Wouldn't it be nice to have access controls for the services? Could be too 
complex perhaps... But how could one decide if an MA or DataSet should be 
allowed to execute on a certain machine? Let's say I program a DataSet that 
shuts down a box, but this is just meant for my own box at home. This DataSet 
shouldn't be allowed to execute on your box. I guess you'd be quite surprised 
if that would happen  :-)

> > Do you want for instance a bank to be able to use the VRS? If so, the
> > bank needs an assurance that the user can't deny it withdraw a certain
> > amount of money. They need the non-repudiation feature.

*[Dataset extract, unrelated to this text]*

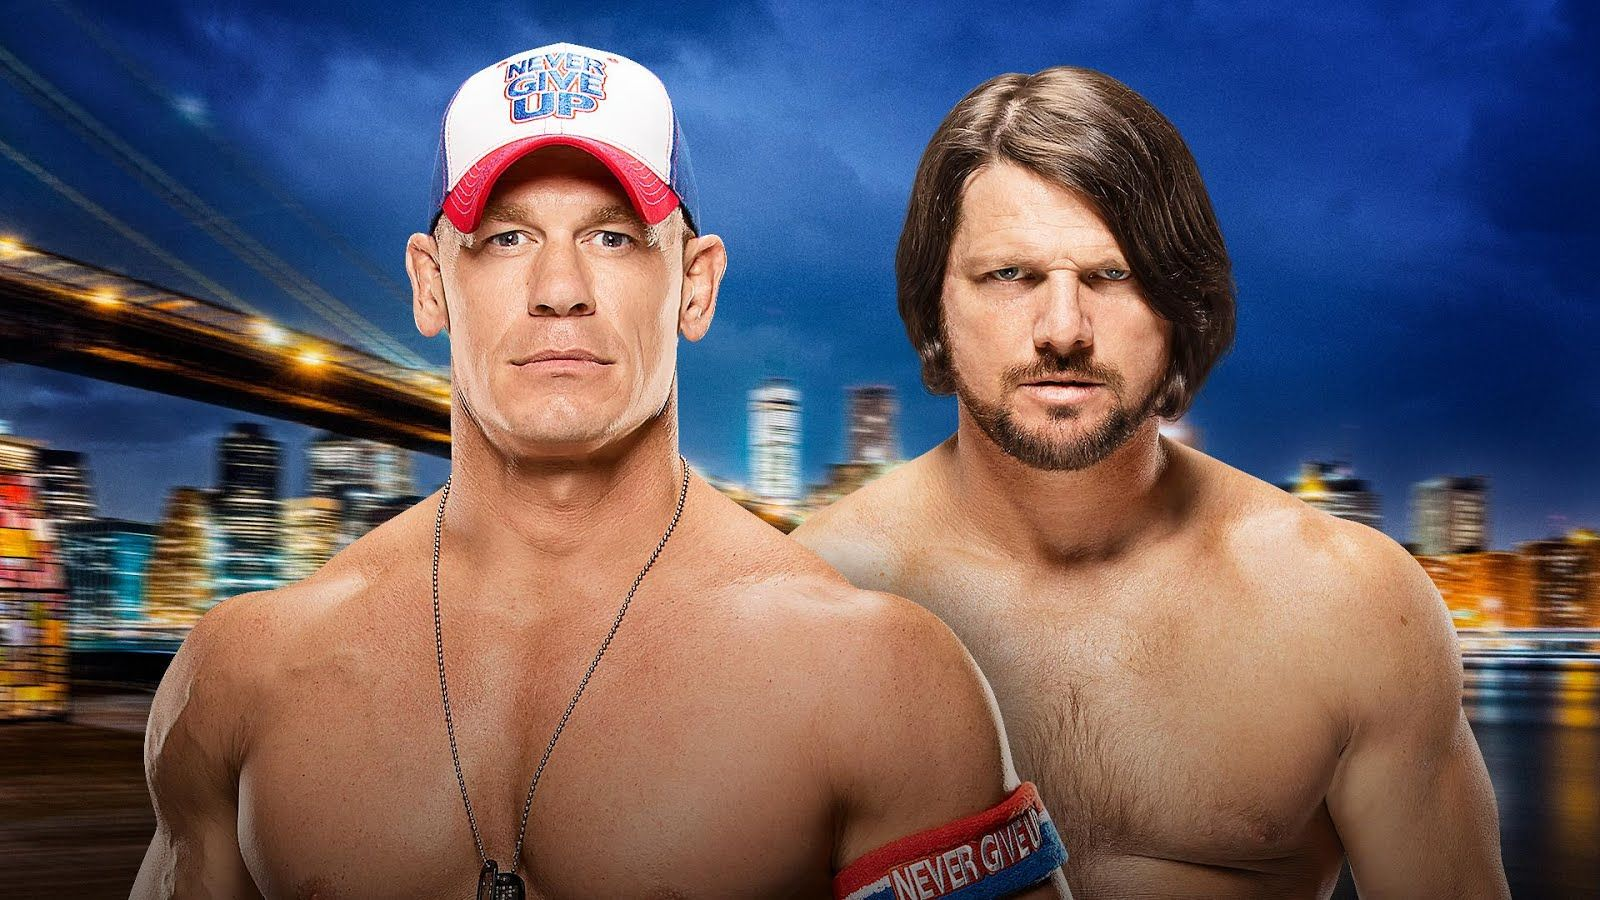 John Cena vs AJ Styles Sunday Summerslam Odds http

> Now I think you've hit upon something I raised with Bill a while back - but
> not very eligently I admit.  I think that *some* VRS's will NOT accept
> unsolicited join requests.  That is, if the VRS doesn't know who you (the
> LDS) are in advance, you can't join.

Yes, but this is authentication, not non-repudiation. Authentication verifies 
that you are then one you say you are. Non-repudiation makes the 
authenticated person unable to deny transactions. It's like a digital 
receipt. If you go to the bank you authenticate yourself with your driving 
license (in Sweden anyway). When you withdraw money you sign a receipt. If 
you didn't have to sign that receipt, you could withdraw money without a 
trace. You have authenticated yourself, but you can deny the transaction ever 
taken place. This is probably desired for some greedy people, but 
non-repudiation is a nice feature I'd say.